Similarity search: how retrieval works
Why this matters
Retrieval is the foundation of RAG (Retrieval-Augmented Generation) systems: without understanding how similarity search works, you can't debug why your LLM gets the wrong context, why latency is high, or why results feel irrelevant. Every production LLM system uses this.
Explanation
What it is: Similarity search is the process of finding documents most relevant to a query by converting both the query and documents into vectors (embeddings) and measuring the distance between them. The closer the vectors, the more similar the documents.
How it works mechanically: When you query a retrieval system, the system embeds your query into a vector using an embedding model (like OpenAI's text-embedding-3-small). Then it compares this vector against pre-embedded documents stored in a vector database using a distance metric (cosine similarity, Euclidean distance, etc.). The documents with the smallest distances are returned as the most relevant. This happens because embedding models learn to place semantically similar text near each other in vector space.
When to use it: Use similarity search whenever you need to find relevant documents from a large collection (100+ documents) to pass to an LLM. It's the standard approach in RAG pipelines, semantic search, and recommendation systems. The key insight is that it's semantic: it understands meaning, not just keywords.
Analogy
Imagine a massive library where every book is placed in a high-dimensional warehouse based on its meaning. When you ask a question, your question is also placed in that same warehouse. The closest books to your question's location are the most relevant. Unlike a card catalog (keyword search), this system understands that 'vehicle' and 'car' belong near each other even though they're different words.
Code
from langchain_openai import OpenAIEmbeddings
from langchain_core.vectorstores import InMemoryVectorStore
from langchain_core.documents import Document
# Initialize the embedding model
embeddings = OpenAIEmbeddings(model="text-embedding-3-small")
# Create sample documents
docs = [
Document(page_content="Python is a high-level programming language known for its simplicity and readability."),
Document(page_content="Machine learning models require large amounts of training data to perform well."),
Document(page_content="Cats are independent animals that enjoy sleeping and hunting."),
Document(page_content="Python provides excellent libraries for data science and machine learning."),
]
# Create an in-memory vector store and add documents
vector_store = InMemoryVectorStore.from_documents(
documents=docs,
embedding=embeddings
)
# Perform similarity search
query = "What programming language is good for machine learning?"

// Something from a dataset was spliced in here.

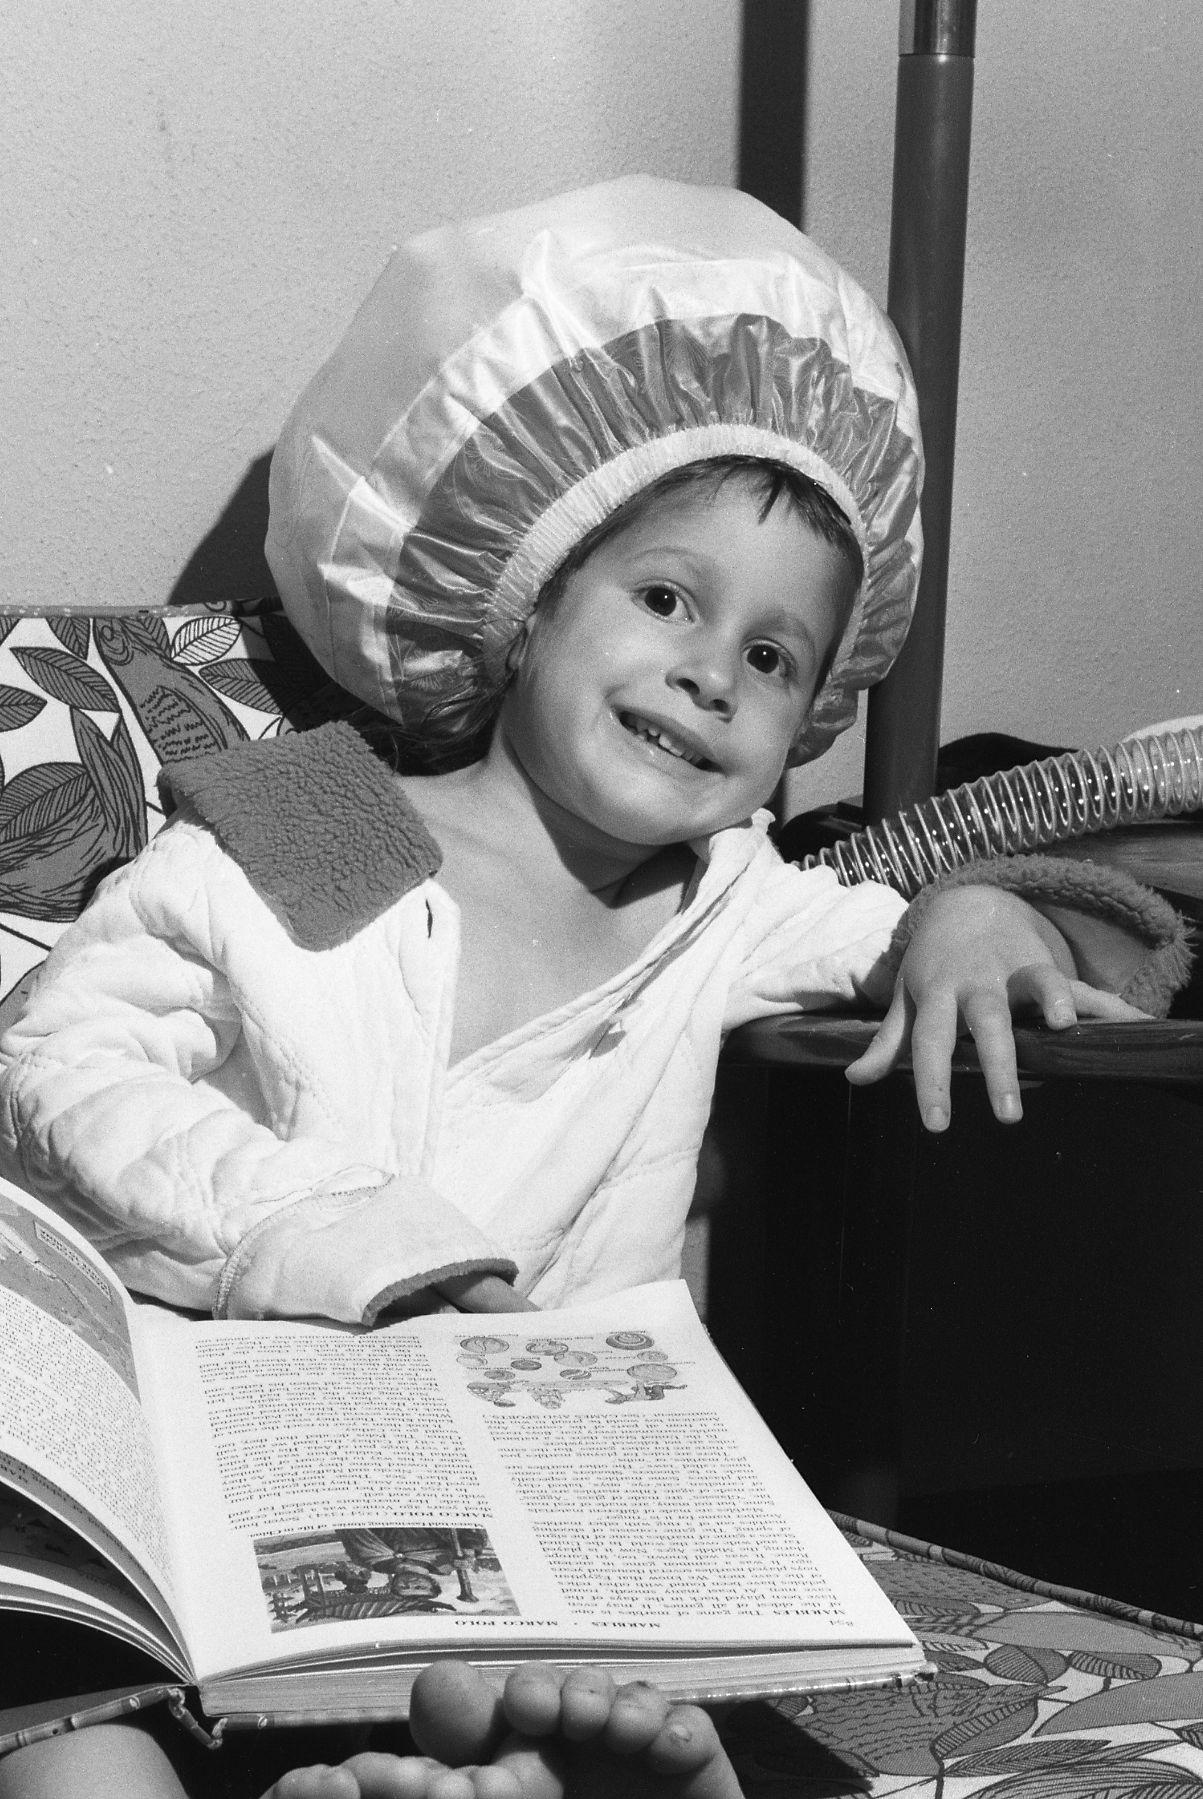 FileBonnet Hood Hair Dryer 1965

results = vector_store.similarity_search(query, k=2)
# Display results
for i, doc in enumerate(results, 1):
print(f"Result {i}: {doc.page_content}")
print() Result 1: Python provides excellent libraries for data science and machine learning. Result 2: Python is a high-level programming language known for its simplicity and readability.
What just happened?
The code created a vector store, embedded all four documents into vector space using OpenAI's embedding model, then took your query string, embedded it the same way, and returned the 2 documents whose vectors were closest to the query's vector. The documents about Python ranked higher than the one about cats or the general ML statement because they semantically match the query better.
Common gotcha
Developers often assume that the number of results returned (k=2) is a performance setting: it's not. Increasing k doesn't make search faster; it just returns more documents. The real performance bottleneck is the embedding model and database size, not k. Also, similarity search returns all results ranked by relevance: there's no hard cutoff. A low-similarity document can still be returned if k is large enough, which can degrade LLM quality. Always check the actual similarity scores, not just trust that top-k is good enough.
Error recovery
AuthenticationErrorRateLimitErrorValueError: model not foundExperienced dev note
Caching embeddings is not optional in production: re-embedding the same documents every request wastes API calls and money. Use langchain_core.embeddings.CacheBackedEmbeddings to wrap your embedding model with a local cache. Also, InMemoryVectorStore is fine for prototyping but will fail in production on >10k documents and doesn't persist between restarts. Move to Chroma, Pinecone, or Weaviate before going live. Finally, embedding quality directly determines retrieval quality: a mediocre embedding model will cause your RAG system to retrieve irrelevant documents, and no amount of prompt engineering will fix that.
Check your understanding
If you increased k from 2 to 10 in the similarity_search call, would the query be re-embedded, and would the search take significantly longer?
Show answer hint
The correct answer explains that the query is embedded once (not re-embedded), and k is just a filtering parameter on already-computed similarities, so the time increase is negligible. The bottleneck is the initial embedding step, not the k value.